InteractionUpdateNodeFn = Callable[..., NodeFeatures]
InteractionUpdateEdgeFn = Callable[
    [EdgeFeatures, SenderFeatures, ReceiverFeatures], EdgeFeatures]


def InteractionNetwork(
    update_edge_fn: InteractionUpdateEdgeFn,
    update_node_fn: InteractionUpdateNodeFn,
    aggregate_edges_for_nodes_fn: AggregateEdgesToNodesFn = utils.segment_sum,
    include_sent_messages_in_node_update: bool = False):
  """Returns a method that applies a configured InteractionNetwork.

  An interaction network computes interactions on the edges based on the
  previous edges features, and on the features of the nodes sending into those
  edges.

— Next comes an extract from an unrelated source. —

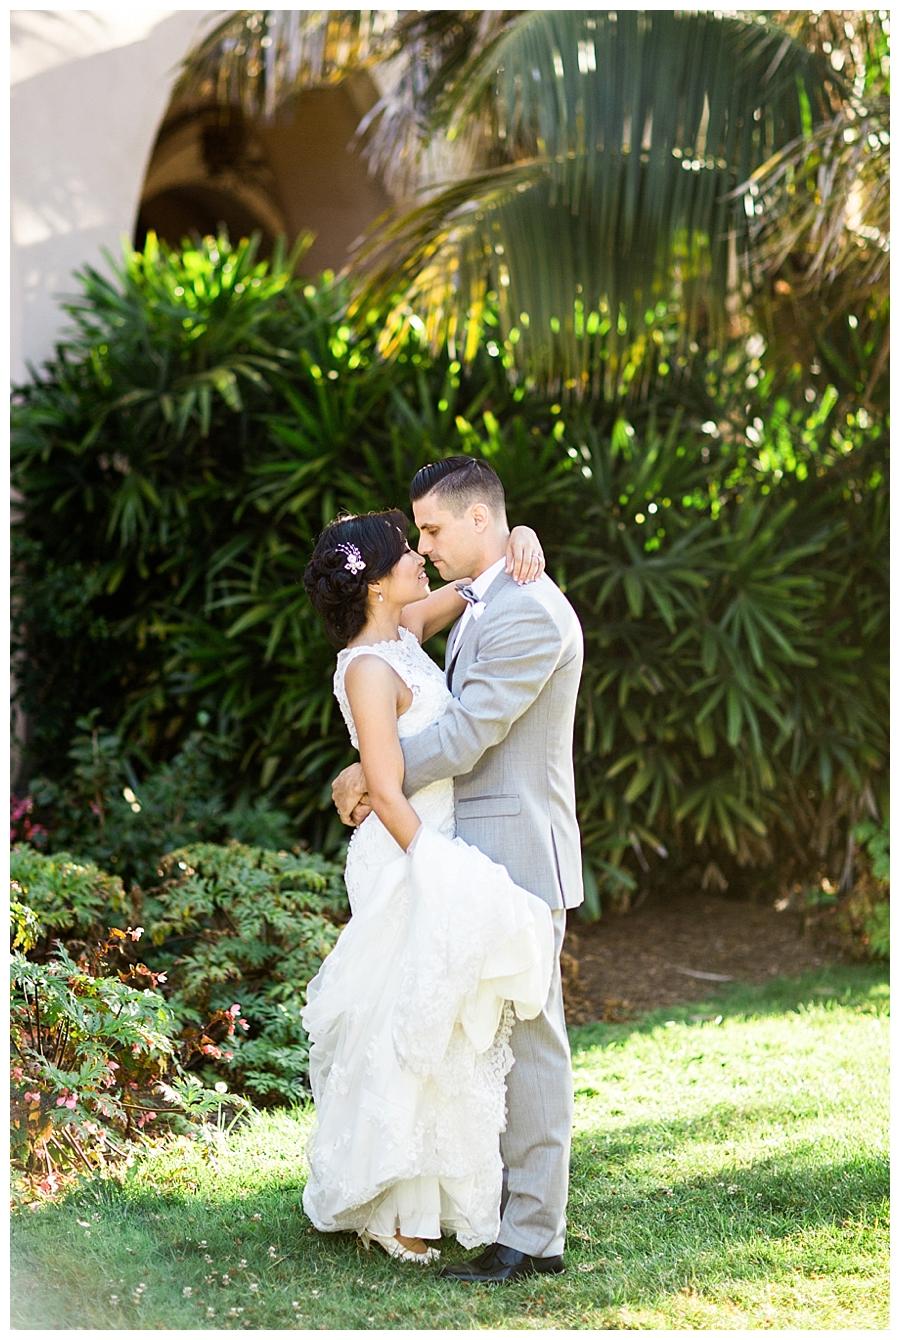 destination fine art wedding photography at Balboa Park in San Diego, California

It then updates the nodes based on the incoming updated edges.
  See https://arxiv.org/abs/1612.00222 for more details.

  This implementation adds an option not in https://arxiv.org/abs/1612.00222,
  which is to include edge features for which a node is a sender in the
  arguments to the node update function.

  Args:
    update_edge_fn: a function mapping a single edge update inputs to a single
      edge feature.
    update_node_fn: a function mapping a single node update input to a single
      node feature.
    aggregate_edges_for_nodes_fn: function used to aggregate messages to each
      node.
    include_sent_messages_in_node_update: pass edge features for which a node is
      a sender to the node update function.
  """
  # An InteractionNetwork is a GraphNetwork without globals features,
  # so we implement the InteractionNetwork as a configured GraphNetwork.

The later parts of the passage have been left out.